I love the way that Thomas King weaves narratives together. He uses the techniqueof intertextuality to blend stories and history (loosely), including the background of each of the characters, Biblical stories, and traditional Native American stories. In some senses this can be seen as a pastiche (a combination of genres to create a unique story) or, perhaps, magic realism. Do you think that these Postmodern techniques add to the story, or detract? Can you think of any other literary techniques that jump out from the story? — Julia W.
Pair up with a partner, and exchange your work. Making use of the handout provided in class, revise your partner’s work for grammatical errors, but also focus on content. In addition to the questions on the handout, ask yourself: Is the introduction structured effectively? Does the introduction provide a sense of the main points covered in the essay? Does the introduction draw you in? Is the thesis statement clear, original, and contestable?

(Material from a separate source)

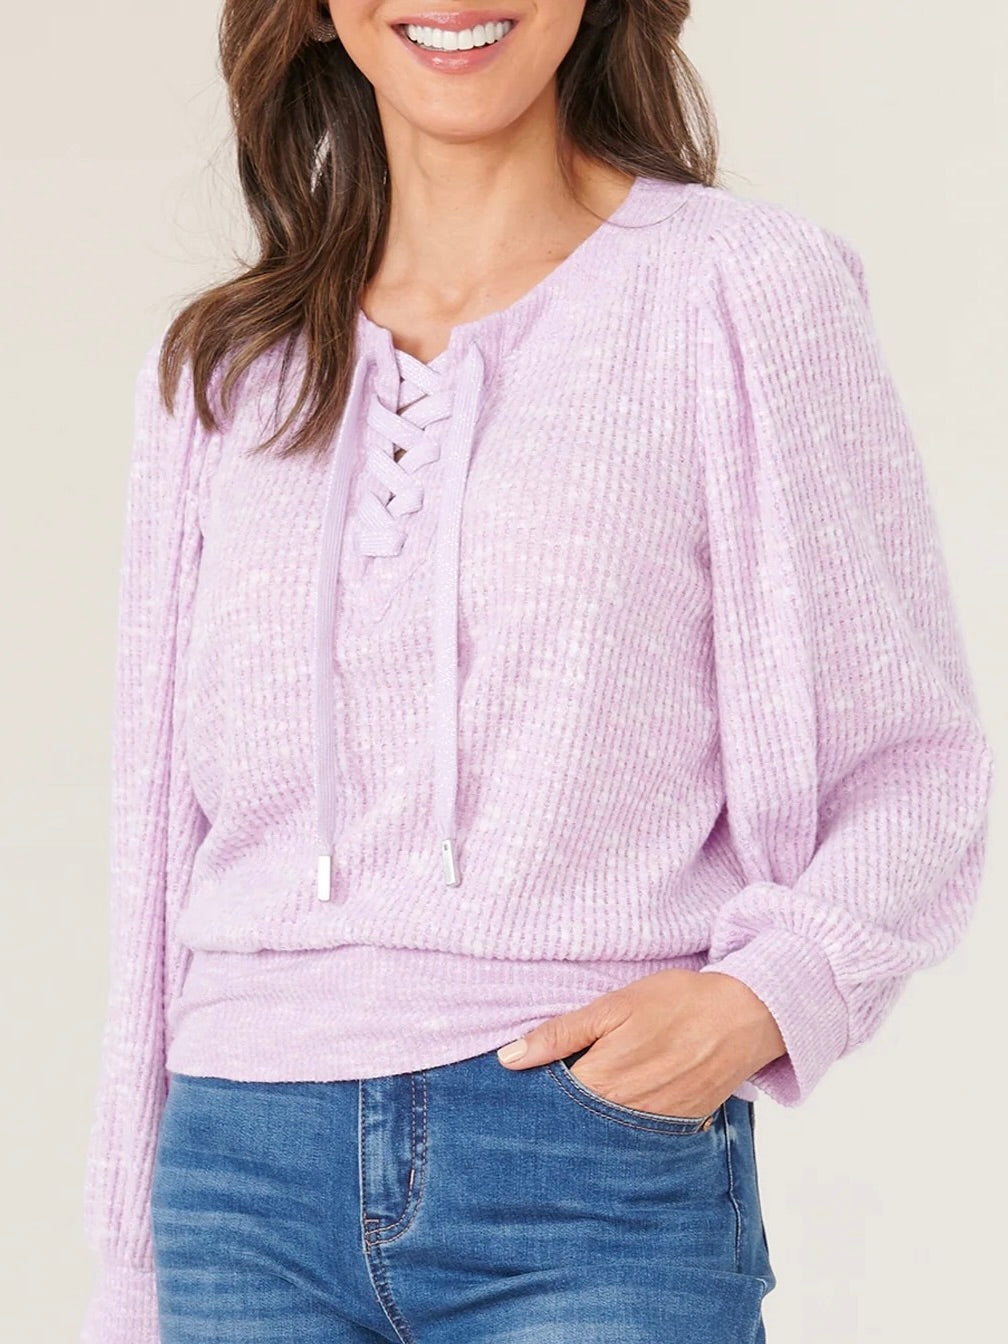 Lace-Up Thermal Top - Heather Orchid

Also read over the first body paragraph, and ask: is the paragraph well-structured? Does it contain a clear topic sentence and controlling idea? Are the quotes effectively integrated?Once you have shared your work with a partner and completed the activity, put your hand up and I’ll come work with you. Once I’ve seen your work, it might be a good idea to show other members of your group.Notes: If you do not have your first page with you, then it might be a good idea to get started on it here. Finally, please hand in the exercise during our last class (so that you can use it to revise your work, and so that I can provide you with extra participation marks).